WHAT IS NEEDED:
With the pictures left out, set down the line containing "ahw110 weg w22" and each line after it to the end of the material, exactly as written.

╭─ THE DATA

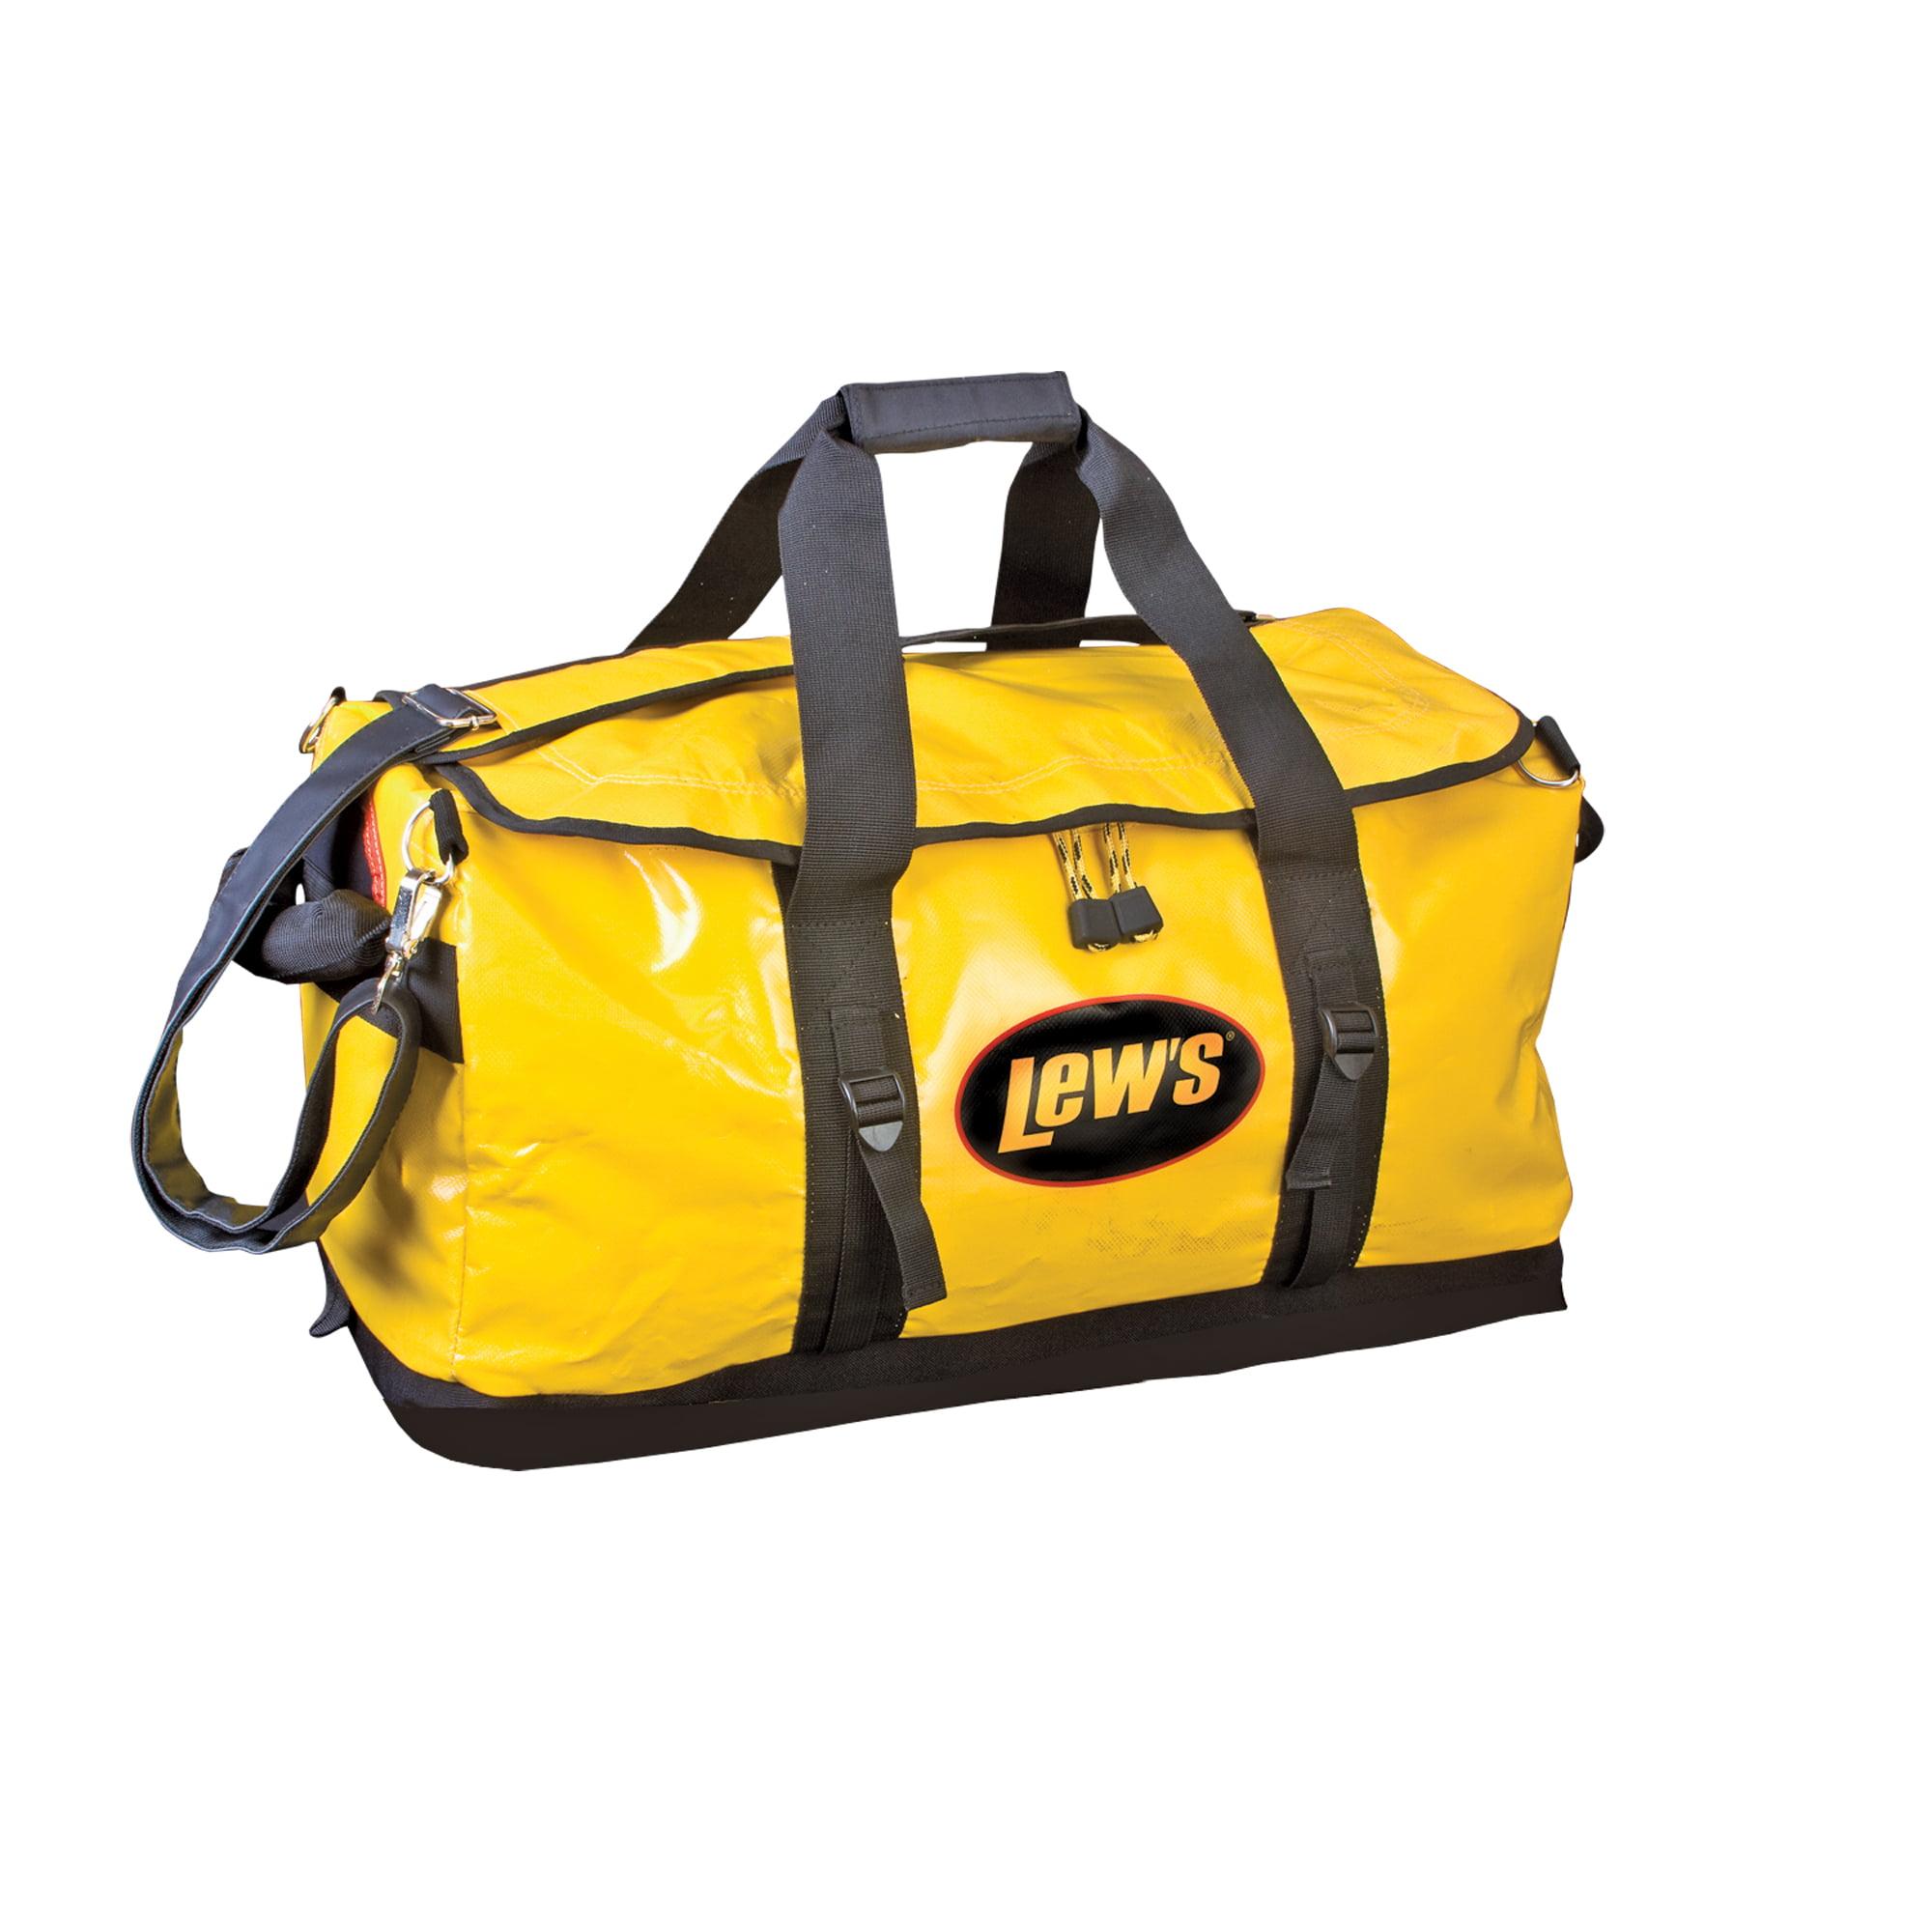 Lews Fishing Lew's Speed Boat Bag Yellow/Black, 24
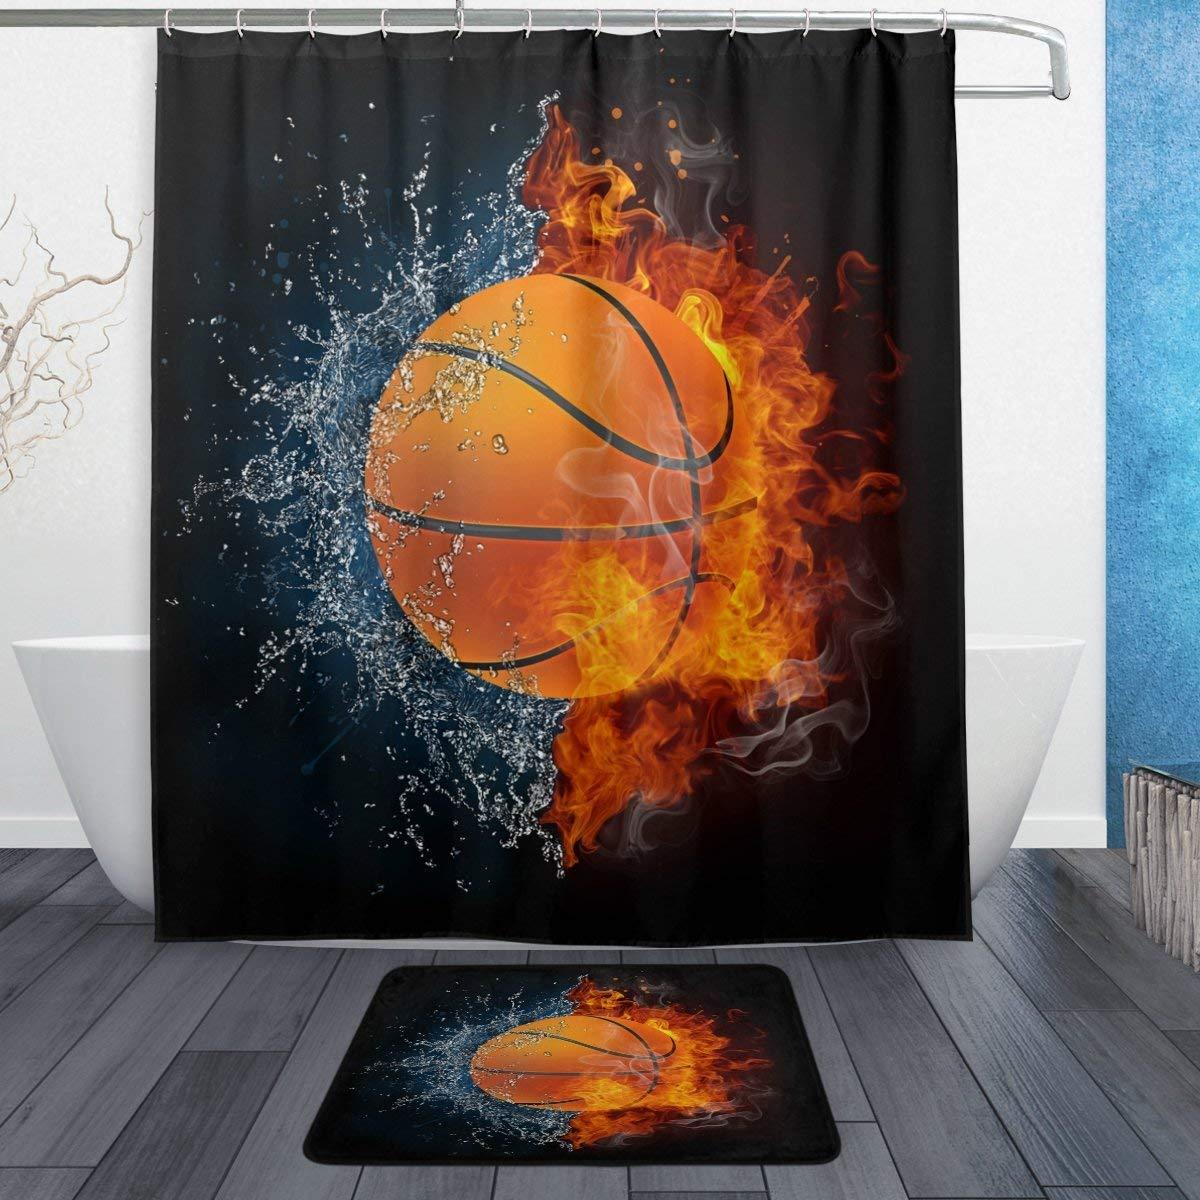 Flame Basketball Shower Curtain Bath Mat Toilet Cover Rug Bathroom Decor Set
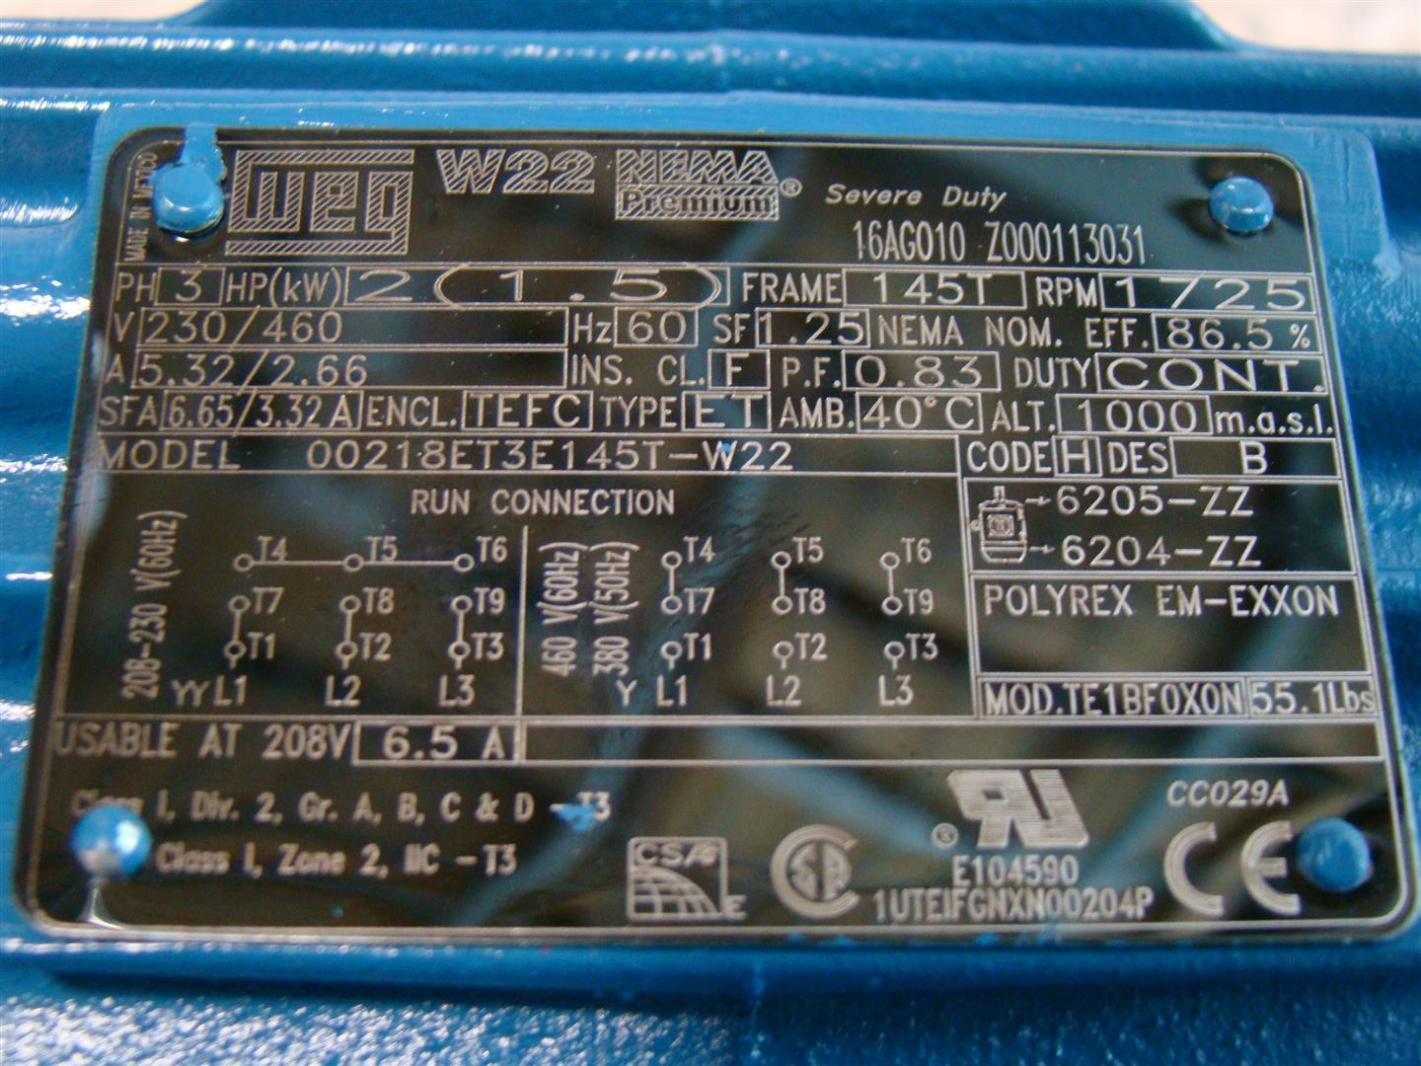 ahw110 weg w22 premium 2hp motor 230 460v 1725rpm 00218et3e145t w22 2 weg w22 motor wiring diagram ewiring weg w22 motor wiring diagram at creativeand.co
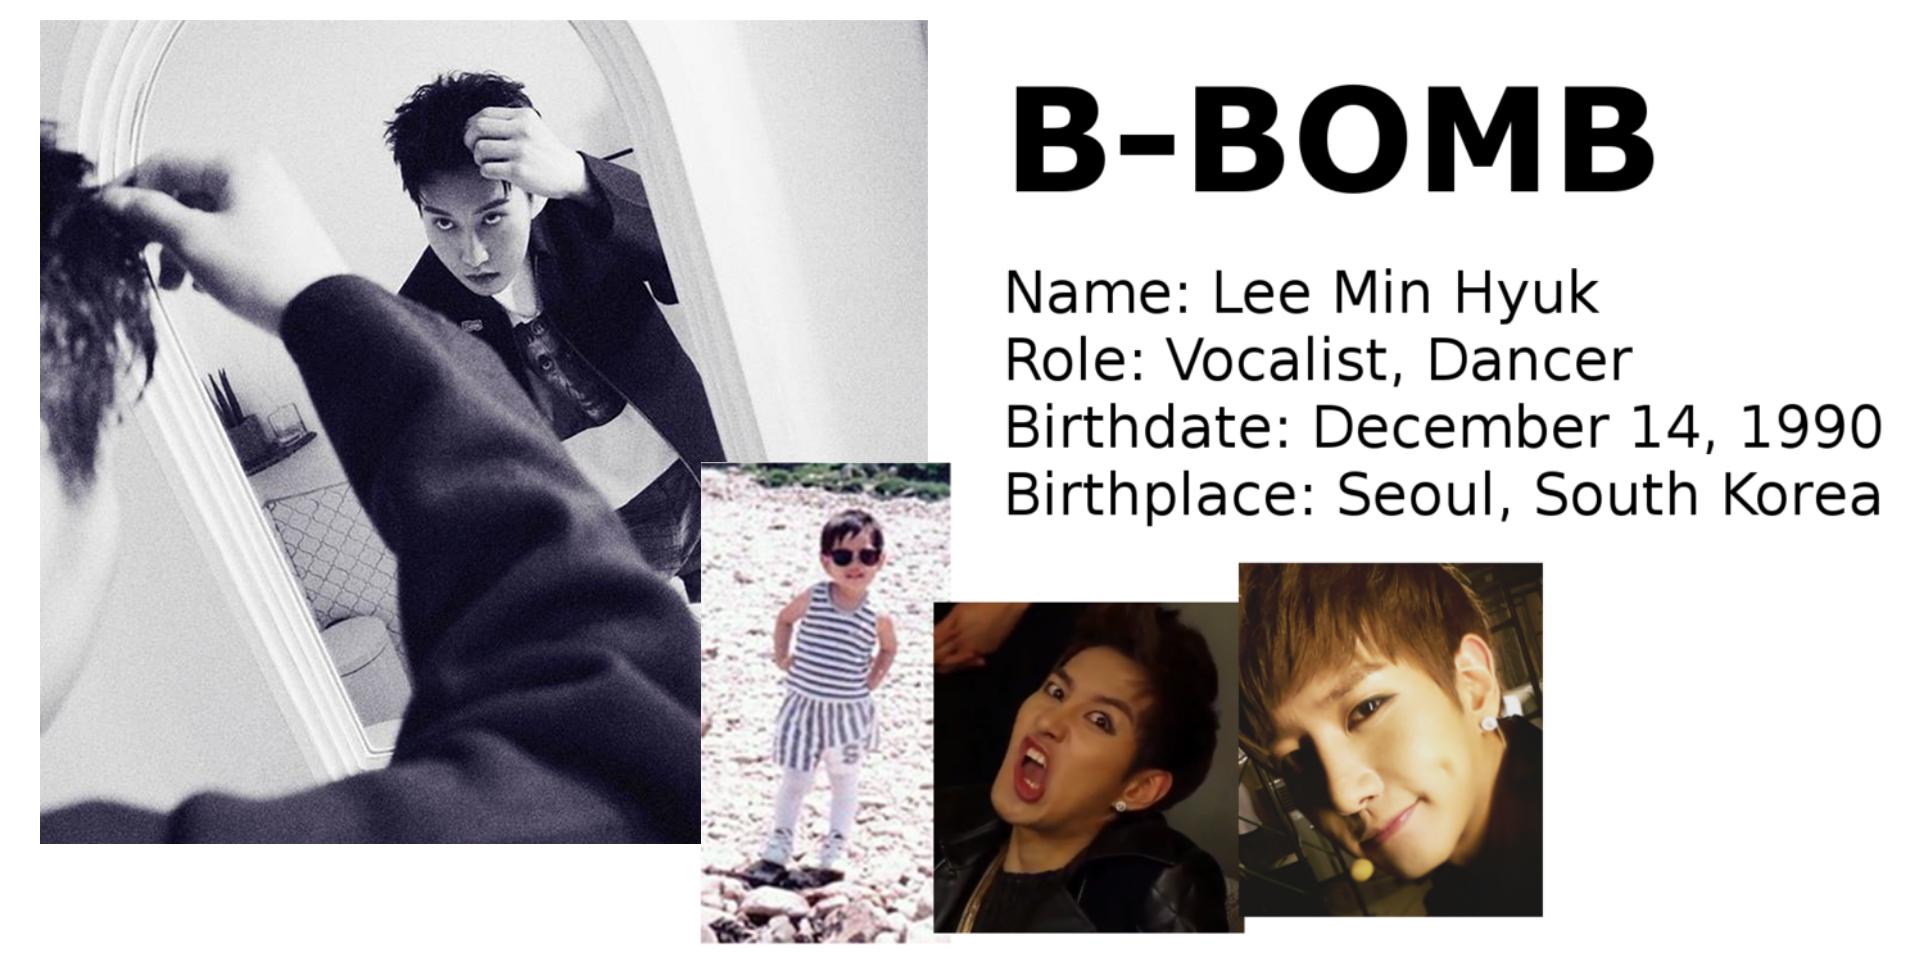 B-Bomb Block B singer dancer Korean songs profile Block B: Zico, Park Kyung, Jaehyo, P.O, B-Bomb, U-Kwon, Taeil rapper songs Korean K-pop K hip hop hep hap Bastarz profile mitglieder membres member tattoo personalities personality maknae age oldest youngest

╰─

EXERCISE OUTPUT:
 ahw110 weg w22 premium 2hp motor 230 460v 1725rpm 00218et3e145t w22 2 weg w22 motor wiring diagram ewiring weg w22 motor wiring diagram at creativeand.co
 B-Bomb Block B singer dancer Korean songs profile Block B: Zico, Park Kyung, Jaehyo, P.O, B-Bomb, U-Kwon, Taeil rapper songs Korean K-pop K hip hop hep hap Bastarz profile mitglieder membres member tattoo personalities personality maknae age oldest youngest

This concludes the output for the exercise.